Mit den schmalen, vertikalen Öffnungen spricht das Gebäude die Sprache zeitgenössischer Architektur. Tief sitzen die Fenster in der Fassade, so dass der Betrachter zunächst dunkle Innenräume vermutet. Überraschenderweise sind die Büroräume und auch die innen angeordnete Treppe erstaunlich hell. Das erreichen die Architekten, indem sie einen Luftraum neben der Treppe anordnen, der sich über drei Etagen erstreckt. Ein Drittel des obersten Geschosses nimmt eine Dachterrasse ein. Die Architekten führen dort die Lochfassade konsequent weiter, so dass es vereinzelte Ausblicke gibt und das Erscheinungsbild des Gebäudes gewahrt bleibt.
Das Ziegelmaß bestimmt die Gestaltung: die Breite der Öffnungen, die Anordnungen der Stützen sowie der Trockenbauwände und diese Vorgabe wiederum die Größe der Räume.
Zurück zu den Anfängen des Bauens
„Back to the roots“, nennt Kriete die Entscheidung, auf eine Dämmung zu verzichten. Und stattdessen die Hülle 75 cm tief zu entwerfen. Dass sie ungedämmt ebenso eine konstante Temperatur im Innenraum hält wie ein gedämmtes Mauerwerk, wies der Fachplaner mit einer thermischen Simulation nach.
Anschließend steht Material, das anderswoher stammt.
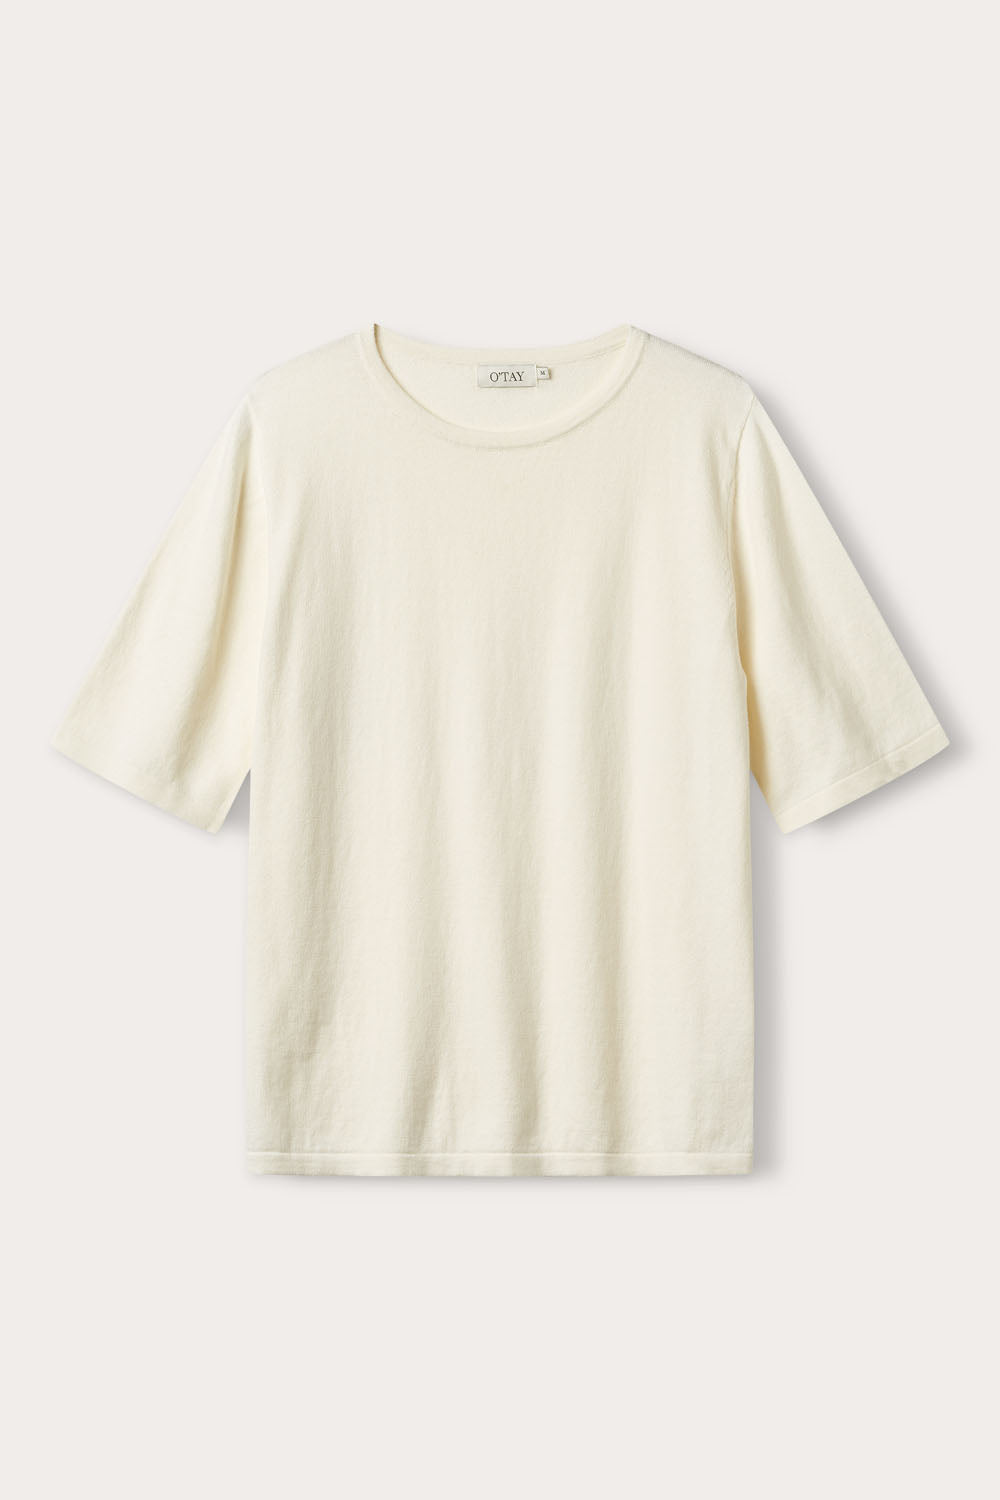 O'TAY Gina T-Shirt T-Shirts Off White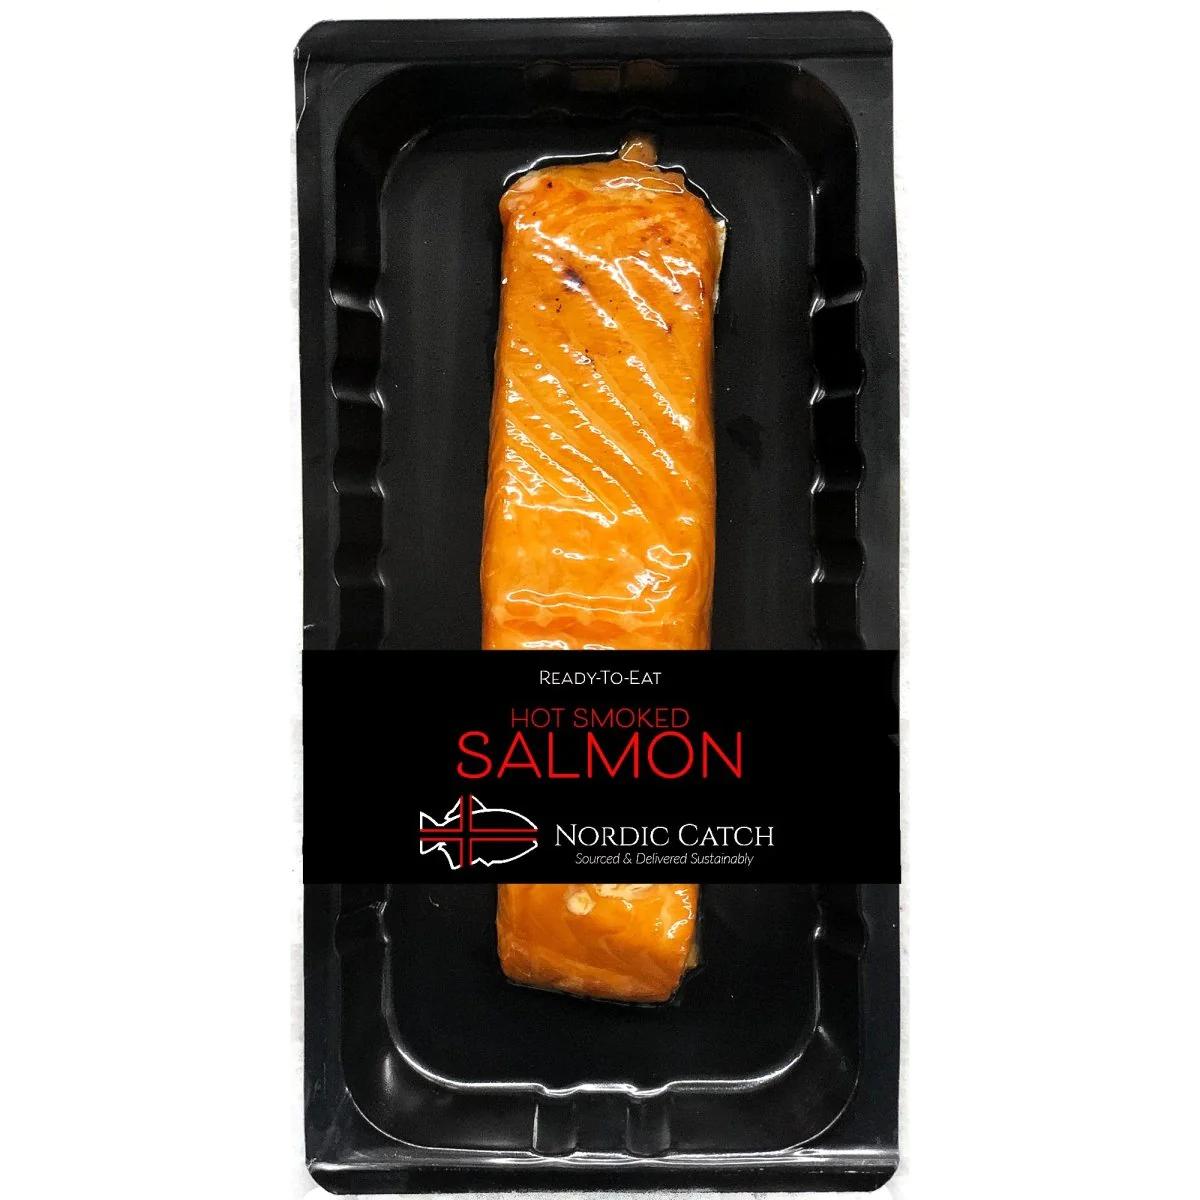 icelandic smoked salmon - Where is Icelandic salmon from

Der U-Wert der Außenwand beträgt 0,14 W/m²K.
Hauer Architekten hatten bereits Erfahrung im Umgang mit tiefen Fassaden gesammelt. Den Hochbunker in der Bielefelder Innenstadt bauten sie in Wohnungen um. „Die 2 m Stahlbetonwände ließen die Raumtemperatur nie unter 11 bis 12 °C fallen“, sagt Kriete. Stahlbeton und Mauerwerk sind sich bauphysikalisch nicht ähnlich. Die Architekten wussten dennoch, dicke Wände halten eine konstante Raumtemperatur. Mauerwerk hat eine geringere Strahlungskälte als Stahlbeton, die Oberflächentemperatur ist somit höher, was sich positiv auf die Raumtemperatur auswirkt.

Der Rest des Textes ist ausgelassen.